Der SV Sonsbeck lässt sich nicht abschütteln

Die gute Vorbereitung im Sommer hatte Erwartungen geweckt, die die Mannen von Thomas Geist nicht erfüllen konnten.

Nach einem erfreulichen Saisonstart wurden die Oberliga-Fußballer des SV Sonsbeck durchgereicht. Die Gründe, warum die Rot-Weißen als Tabellenvorletzter ins neue Jahr gehen, sind vielfältig. Wichtige Spieler verletzten sich, Kapitän Thomas Tennagels musste seine Karriere beenden, in der Offensive ist der SV Sonsbeck zu schwach besetzt.

Doch noch ist der Abstand zum rettenden Ufer nicht zu groß, weshalb Trainer Geist im Brustton der Überzeugung sagt: „Der SV Sonsbeck bleibt in der Oberliga.“ Der Coach, der auf Horst Riege folgte und zum zweiten Mal bei den Rot-Weißen auf dem Trainerstuhl Platz nahm, musste zahlreiche Zugänge einbauen. Seine Wunschformation wurde früh gesprengt, weil Balltreter, die eine Führungsposition übernehmen sollten, ausfielen.

Neun sieglose Begegnungen

Die ersten drei Partien überstand der SVS schadlos, dann folgten neun sieglose Begegnungen mit zwei ganz heftigen Heimklatschen – 0:5 gegen Velbert, 0:6 gegen Hiesfeld. Selbstzweifel bei den Spielern kamen auf, die Unsicherheit wuchs. Sobald der ersten Gegentreffer fiel, lief nicht mehr viel zusammen. Fehler häuften sich. Sogar der in der vergangenen Saison so sichere Rückhalt Ahmet Taner ließ sich anstecken. Der Keeper litt unter Formschwankungen. Anderen Spielern ging es ähnlich. Die ganz jungen Kicker waren zumeist überfordert. Die Qualitätsfrage musste gestellt werden.

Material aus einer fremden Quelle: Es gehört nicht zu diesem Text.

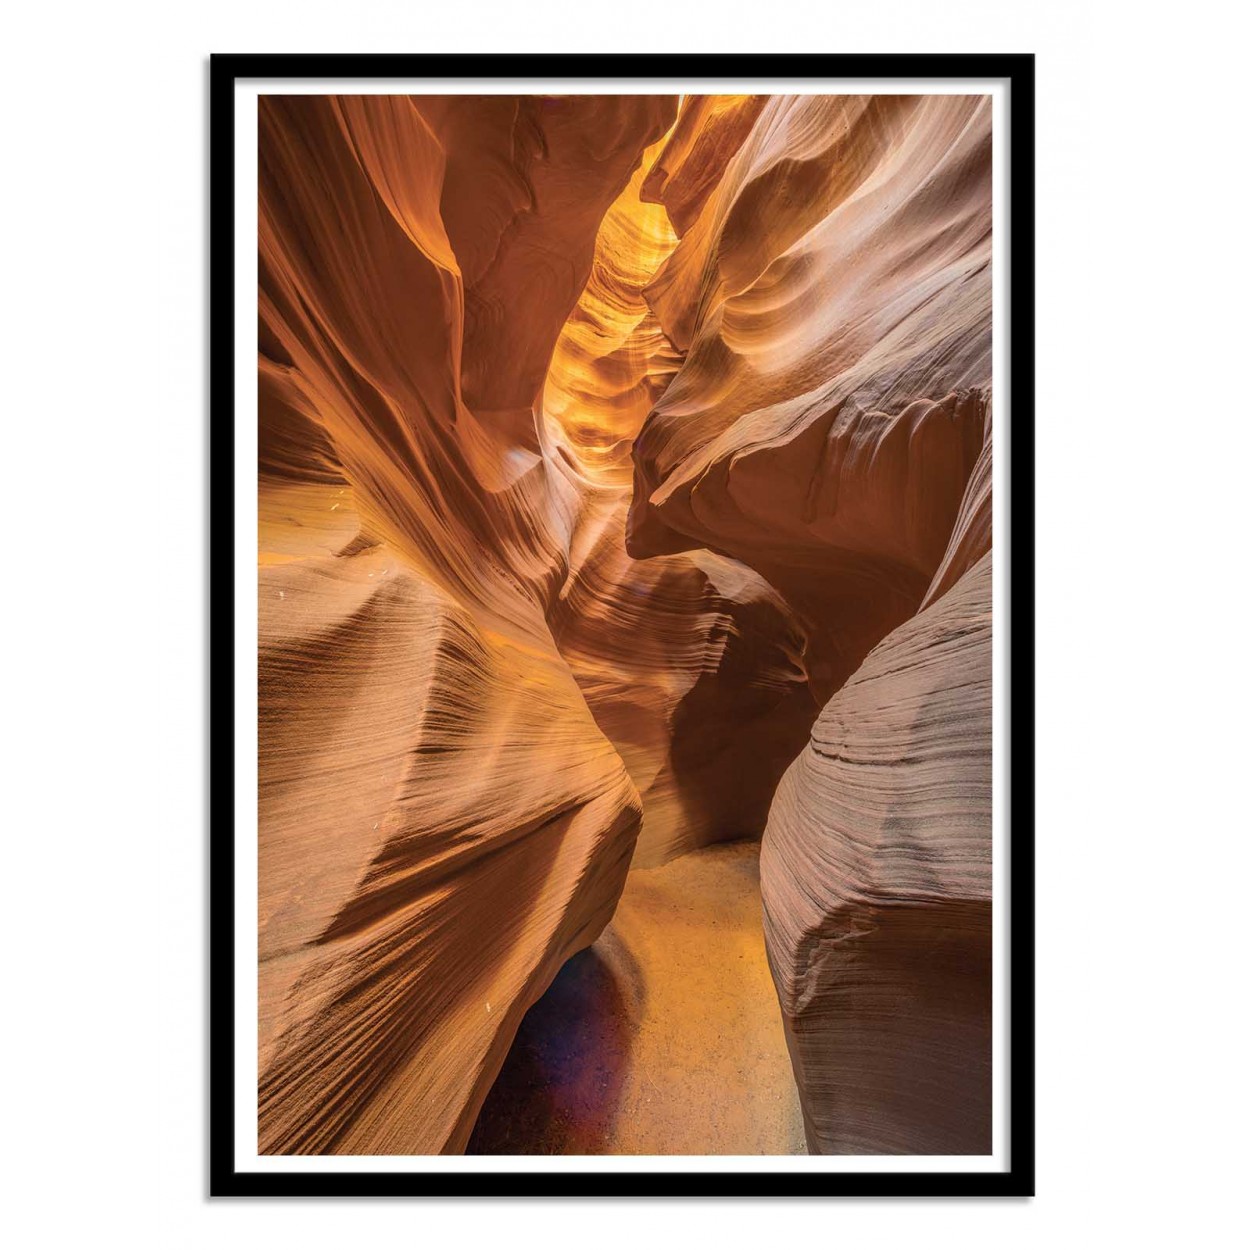 Photography Arty on Print for home decoration - The golden passage way

Und wenn sich dann auch noch Einstellungsprobleme hinzugesellen, kann nicht viel Positives dabei herauskommen.

Coach Geist ließ sich nicht aus der Ruhe bringen, probierte vieles im Training aus und stellte die Spielorganisation um. In den letzten fünf Partien in 2014 fing sich die Mannschaft. Geist schickte eine Dreierkette aufs Feld, zeitweise agierte sein Team mit drei Spitzen. In der defensiven Schaltzentrale fühlte sich Jan-Paul Hahn pudelwohl. Neben ihm nahm Bastian Grütter eine ganz wichtige Rolle ein. Der Neuzugang des 1. FC Kleve war ebenfalls länger verletzt ausgefallen und erzielte am Ende der Hinserie wichtige Treffer. Michael Müller, der von Tennagels die Kapitänsbinde übernahm, gab der Abwehr Halt. Jonas Kremers avancierte zum Impulsgeber im Mittelfeld. Mit einem wichtigen 3:1 im Derby über Homberg ging’s in die Winterpause. Es war ein versöhnlicher Abschluss eines Jahres, das den Anhängern einiges abgefordert hatte.

Einige Spieler hoffen auf mehr Glück in 2015. So wie Marvin Haupt oder Fabian Wenten, die sich zweimal schwerer verletzten. Andere wie Robin Schoofs oder Jan Pimingstorfer hinterließen in der Hinrunde einen bleibenden Eindruck. Die beiden Youngster, die auch in der A-Jugend zum Einsatz kommen, werden auch in der Rückrunde auf sich aufmerksam machen.

Es herrscht Ruhe

Trotz des vorletzten Tabellenplatzes herrscht Ruhe beim SVS. Während bei den Konkurrenten um den Klassenerhalt wie den SF Baumberg die Stimmung eher schlecht ist, genießt Trainer Geist das Vertrauen des Vorstands.

„In Sonsbeck herrscht keine Unruhe. Das ist unser Pluspunkt. Wir wussten, dass es eine ganz schwere Saison wird. Wir haben eine homogene Mannschaft, die gefestigt ist“, sagt der Coach, der nach wie vor an seinen Kader glaubt.

Zwei neue Spieler stoßen 2015 dazu, die die schwächelnde Offensive beleben sollen. Doch auch mit Stephan Schneider und Sebastian Santana muss die Sonsbecker Mannschaft immer wieder an ihre Leistungsgrenze gehen, damit Trainer Geist recht behalten soll. „Der SV Sonsbeck bleibt in der Oberliga“, wiederholt der Coach.